Abou Bilal al-Minuki, born in 1982, played an essential role in the Daesh branch in West Africa.
Nigeria and the United States announced the death of a leader of the Islamic State group in a joint operation of their armies, the second in five months launched in this West African country plagued by jihadist violence.
This operation, announced by Donald Trump, targeted this time Abou Bilal al-Minuki, whom he presented as the number two of ISIS in the world. “The brave American forces and the Nigerian armed forces carried out a meticulously planned and very complex mission to eliminate the world’s most active terrorist from the battlefield,” declared the American president on his Truth Social network from Friday night to Saturday.
“He will no longer terrorize the African population or contribute to planning operations targeting Americans. With his elimination, the operational capabilities of ISIS around the world are significantly reduced,” he added.
“Our determined Nigerian armed forces, working closely with the US armed forces, carried out a bold joint operation that dealt a severe blow to the ranks of the Islamic State,” then confirmed Nigerian President Bola Tinubu in a statement.
“One of the most active terrorists in the world”
According to the Nigerian army, it was a “precision air-ground operation, meticulously planned and extremely complex,” which took place on Saturday between midnight and 4 a.m. The jihadist leader died “with several of his lieutenants, in a strike against his complex in the Lake Chad basin,” the Nigerian president said.
According to the Nigerian defense forces, Abou Bilal al-Minuki was a “high-ranking official of the Islamic State and one of the most active terrorists in the world.” He is described as “an operational and strategic figure who provided advice to Islamic State entities outside Nigeria on issues related to media operations, economic warfare, as well as weapon development and manufacturing.”
They also specify that “his death eliminates an essential link through which the Islamic State coordinated and directed its operations in different regions of the world.”

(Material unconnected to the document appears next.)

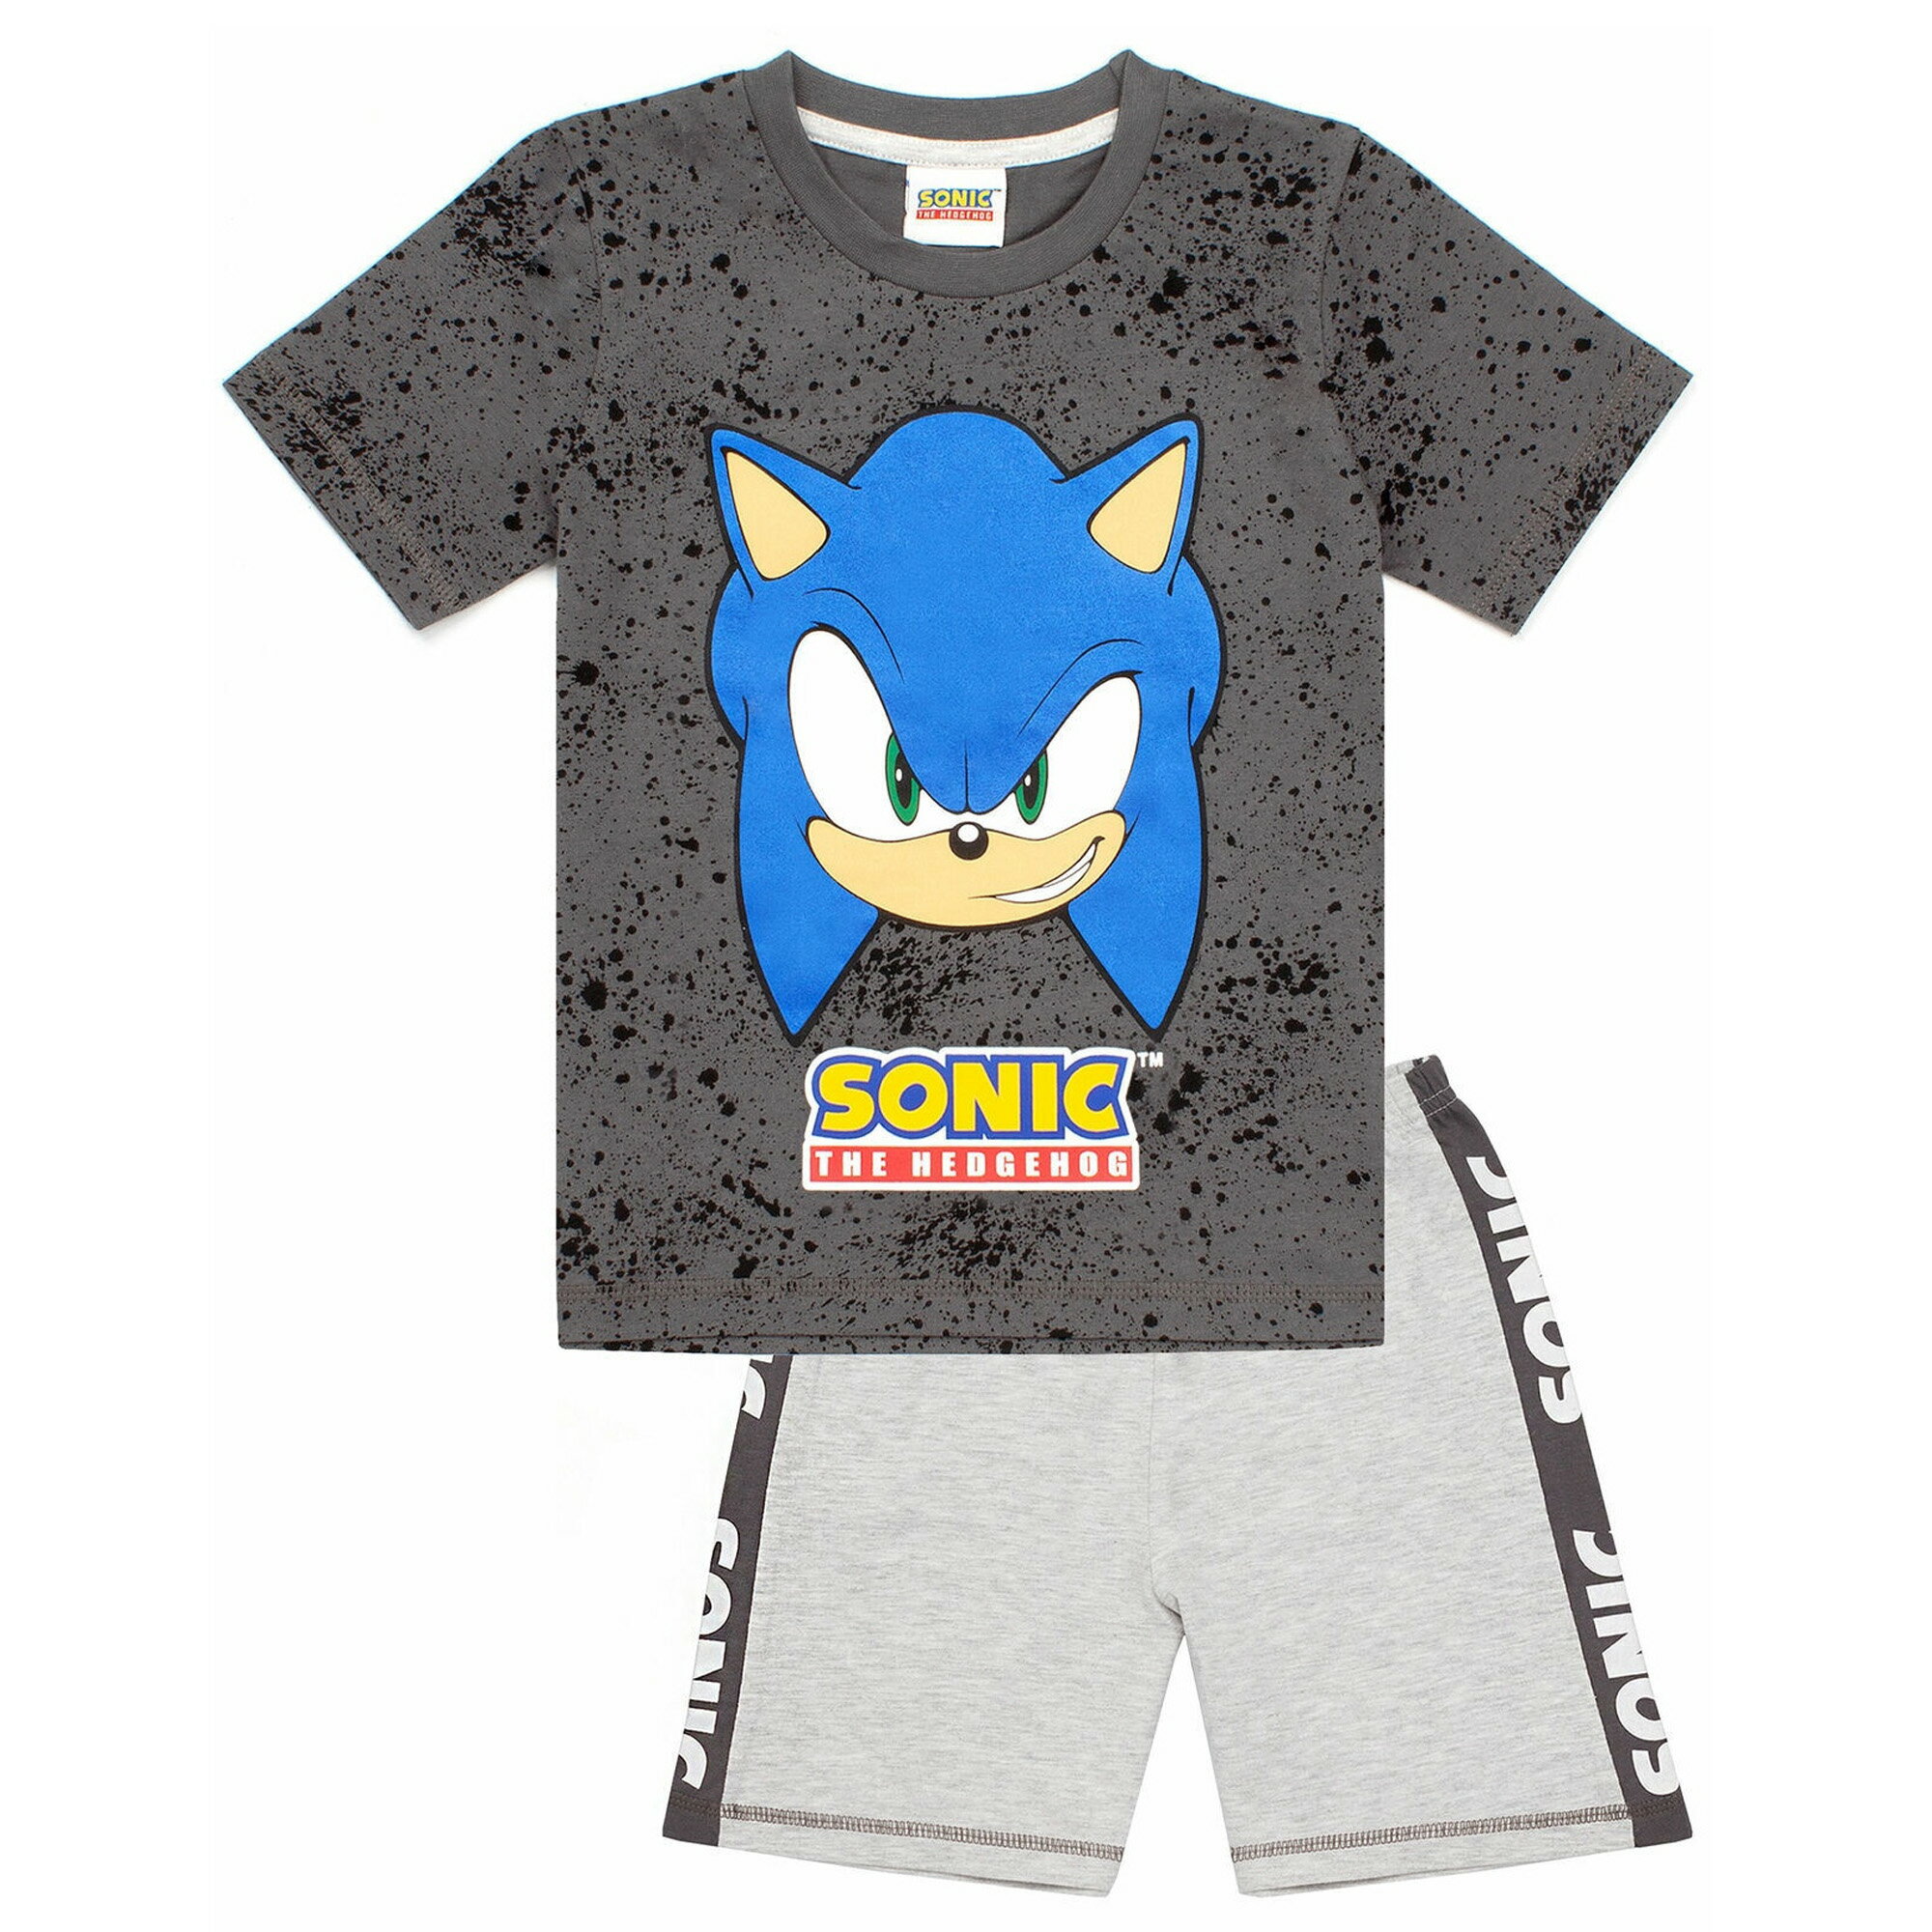 ソニック・ザ・ヘッジホッグ Sonic The Hedgehog オフィシャル商品 キッズ・子供 ボーイズ ゲーミング パジャマ 半袖 半ズボン 上下セット 【海外通販】

Chief of the Daesh branch in West Africa
Born in 1982 in Borno province, Nigeria, al-Minuki became one of the main figures of the Islamic State in West Africa (EIAO) after the death, in 2018, of the former group leader in the region, Mamman Nur, according to specialists from the Counter Extremism Project NGO, cited by ABC News.
Al-Minuki was based in the Sahel region and reportedly fought in Libya when ISIS was active in that North African country over a decade ago. He is also considered one of the main architects of the formation of the Islamic State in West Africa after its split from Boko Haram in 2016.
Abou Bilal al-Minuki was placed under US sanctions in 2023 for his ties to the Islamic State group.
“If the elimination of Abou Bilal al-Minuki is confirmed, it would be a major blow for ISIS West Africa, and for the Sahelian subsidiary. He is the man of the connection and relations between the two,” commented France 24 journalist and jihadist movements specialist Wassim Nasr.
Deadly attacks and mass abductions
The spokesperson for the Nigerian army, Sani Uba, stated that the operation followed intelligence indicating that al-Minuki and his international terrorist cell had concealed a fortified enclave in a remote village in Metele, located in the Lake Chad basin, in the northeast of Borno state, the epicenter of an armed insurgency that has lasted for 17 years.
This is the second time in five months that the American president has launched an intervention of his army in Nigeria, where he denounces persecutions allegedly suffered by Christians.
The resurgence of deadly attacks and mass abductions in recent months is drawing the attention of the United States. President Donald Trump asserts that Christians in Nigeria are being “persecuted” and victims of a “genocide” perpetrated by “terrorists,” a claim that Abuja and most experts firmly deny, with violence affecting both Christians and Muslims indiscriminately.
The US military, in coordination with Nigerian authorities, conducted strikes in Sokoto state on Christmas day targeting, according to Washington, ISIS jihadists.